Work instructions:
Reproduce each line of the material exactly, minus any picture.

Data section:
+ + + + + + +

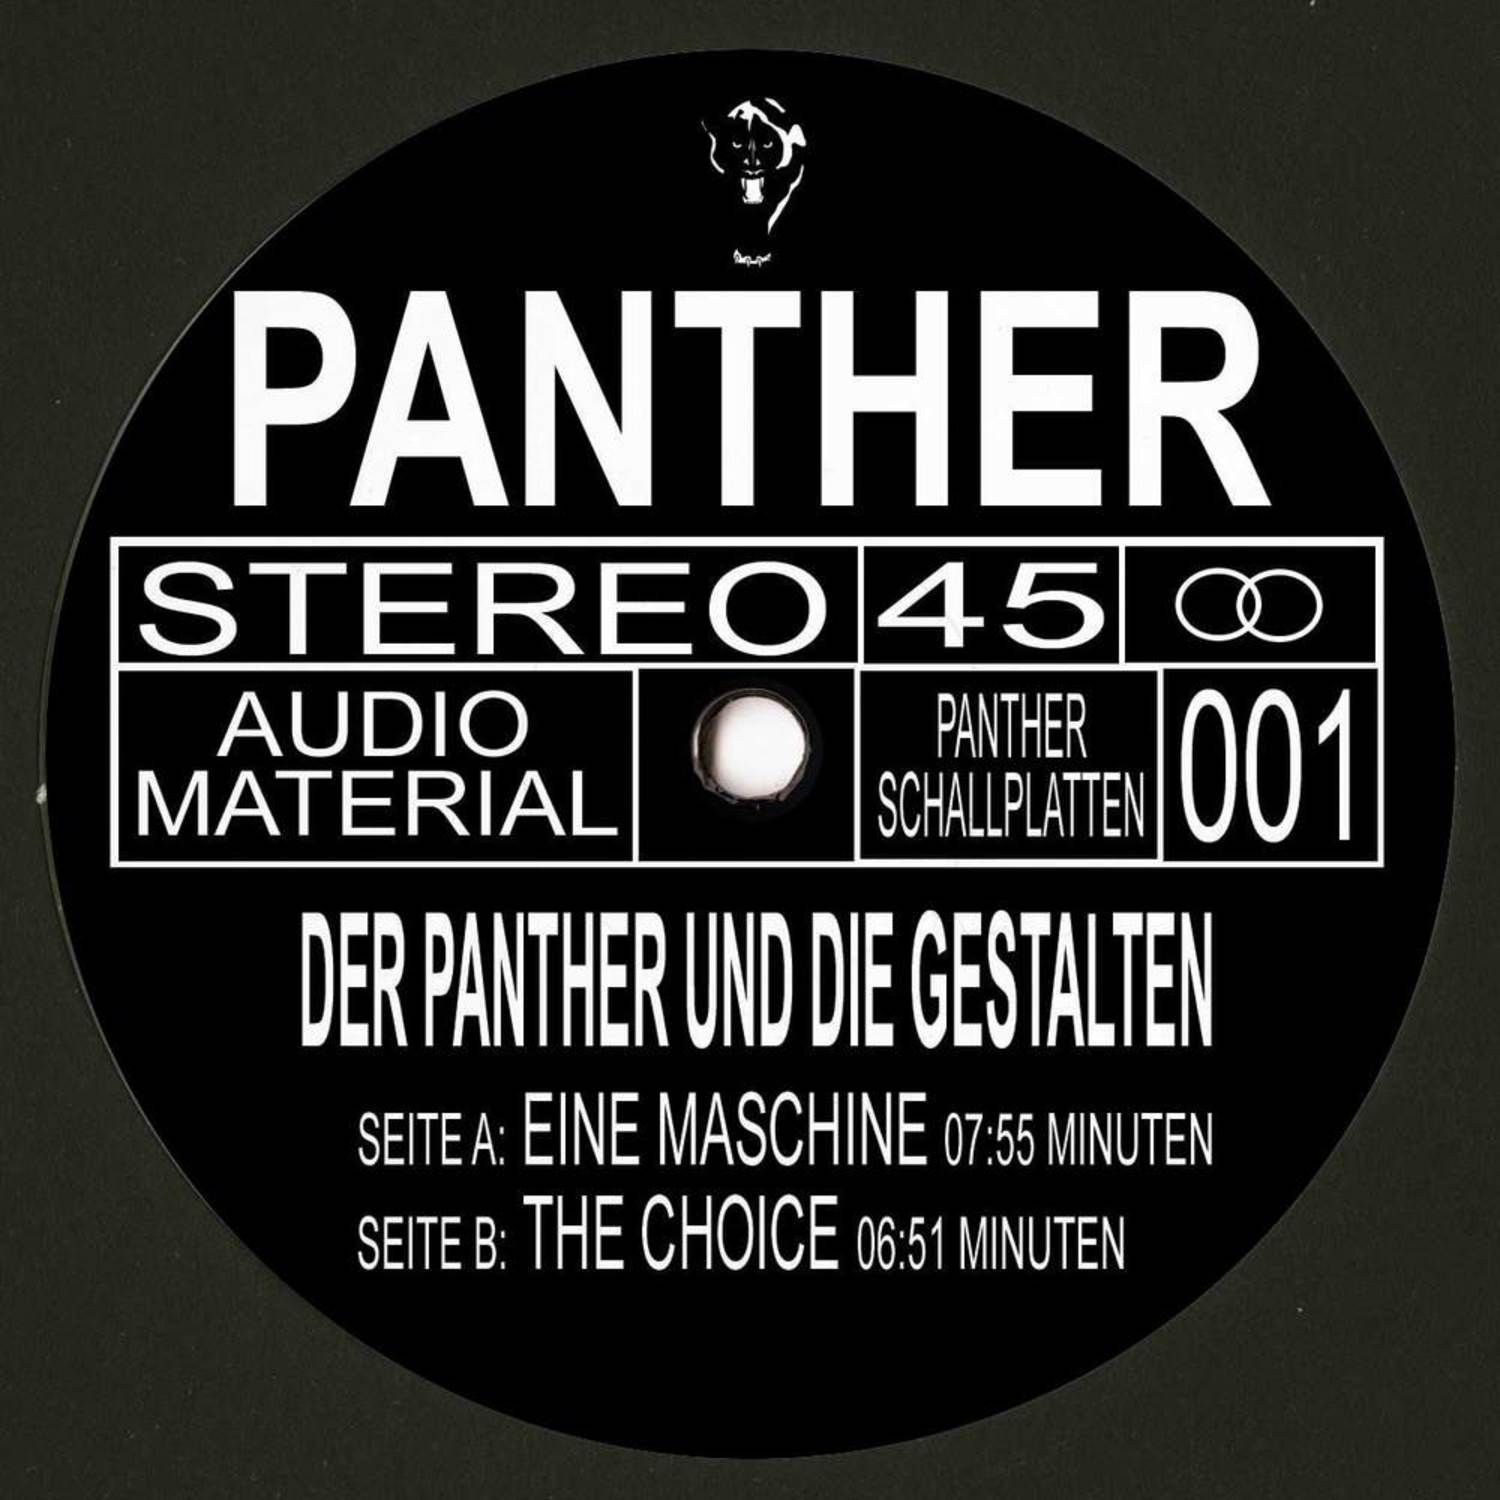 Der Panther und die Gestalten - EINE MASCHINE
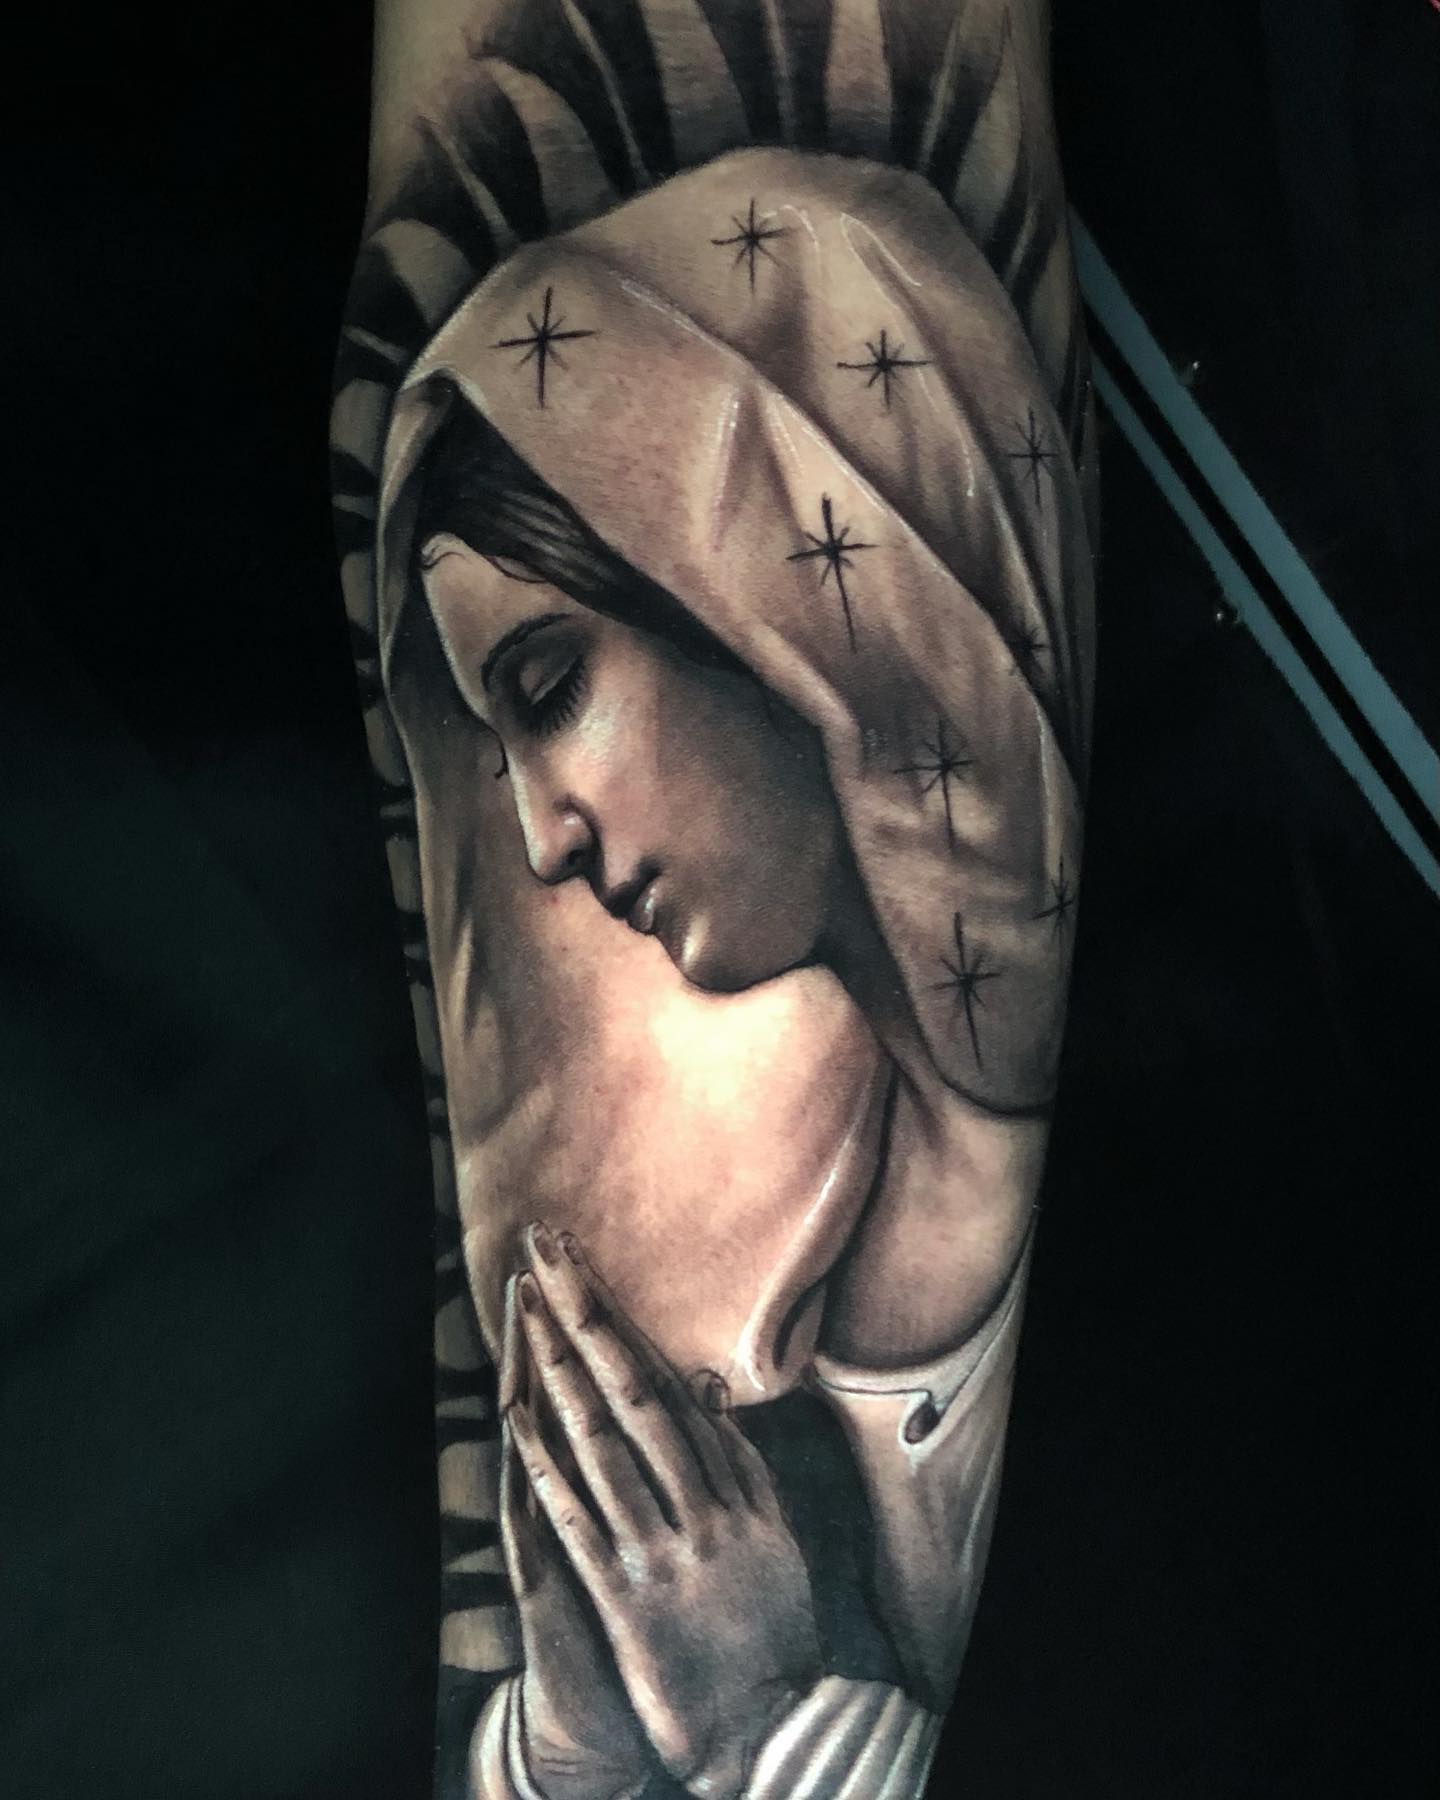 Shady tatuaje de la Virgen de Guadalupe
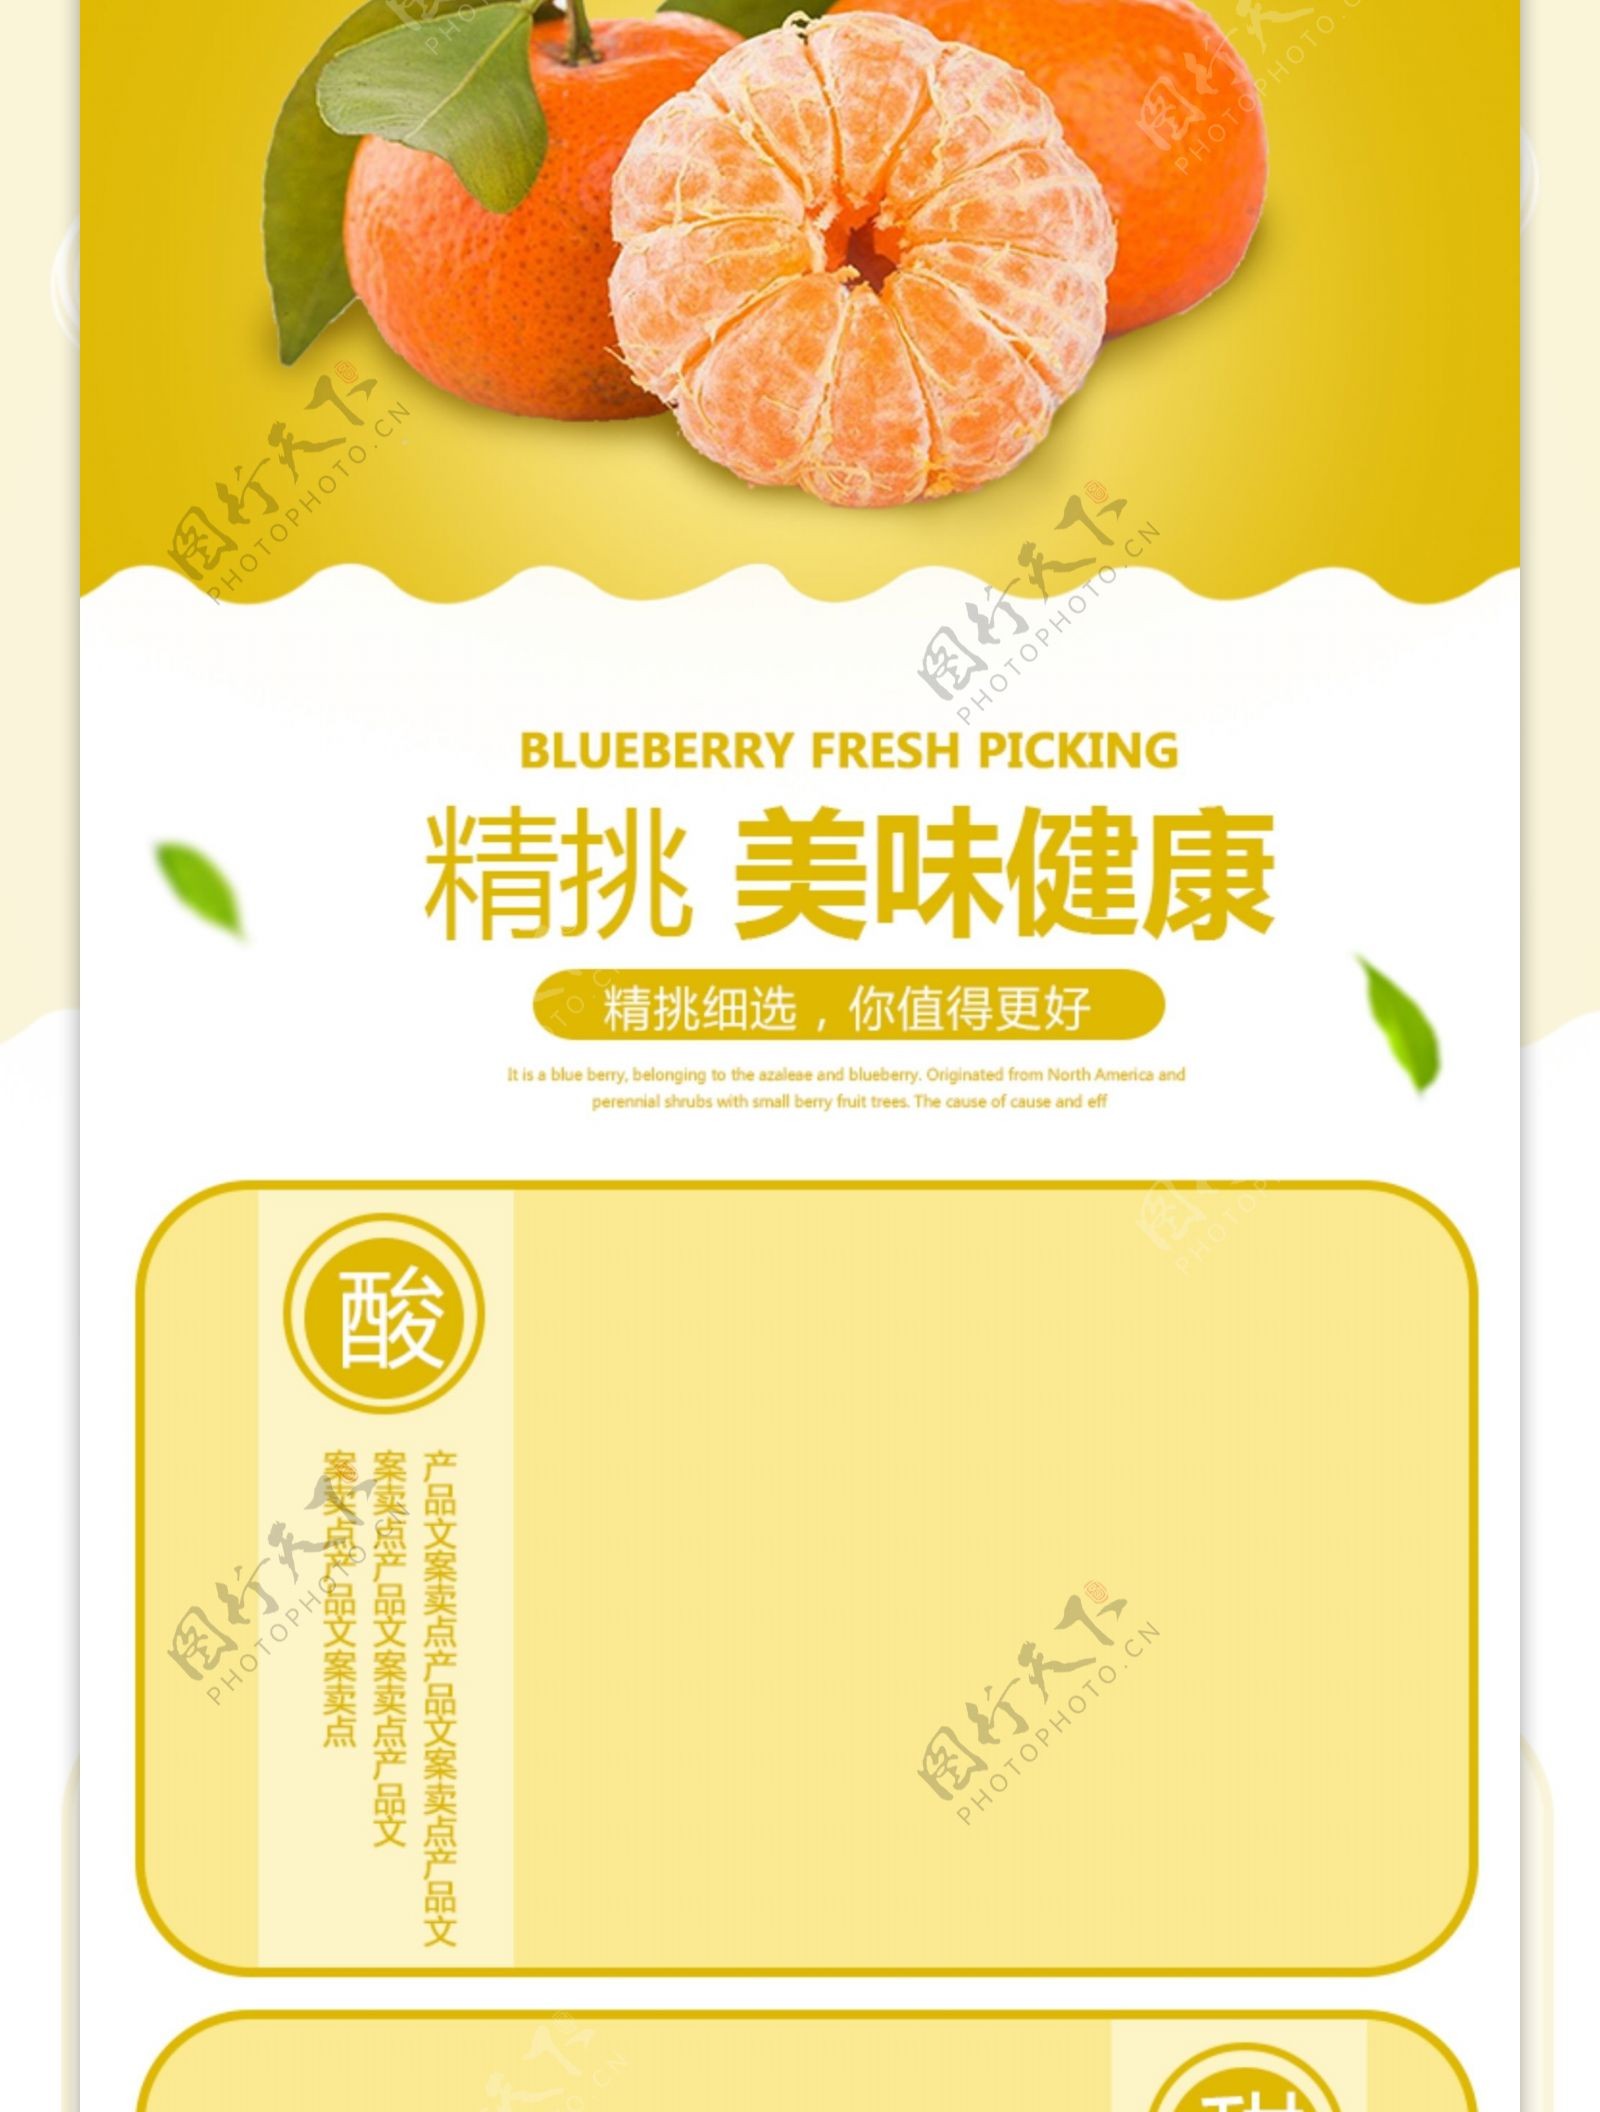 应季水果柑橘促销淘宝详情页

+ + + + + + +

Response for this exercise:
 Der Panther und die Gestalten - EINE MASCHINE
 Shady tatuaje de la Virgen de Guadalupe
 应季水果柑橘促销淘宝详情页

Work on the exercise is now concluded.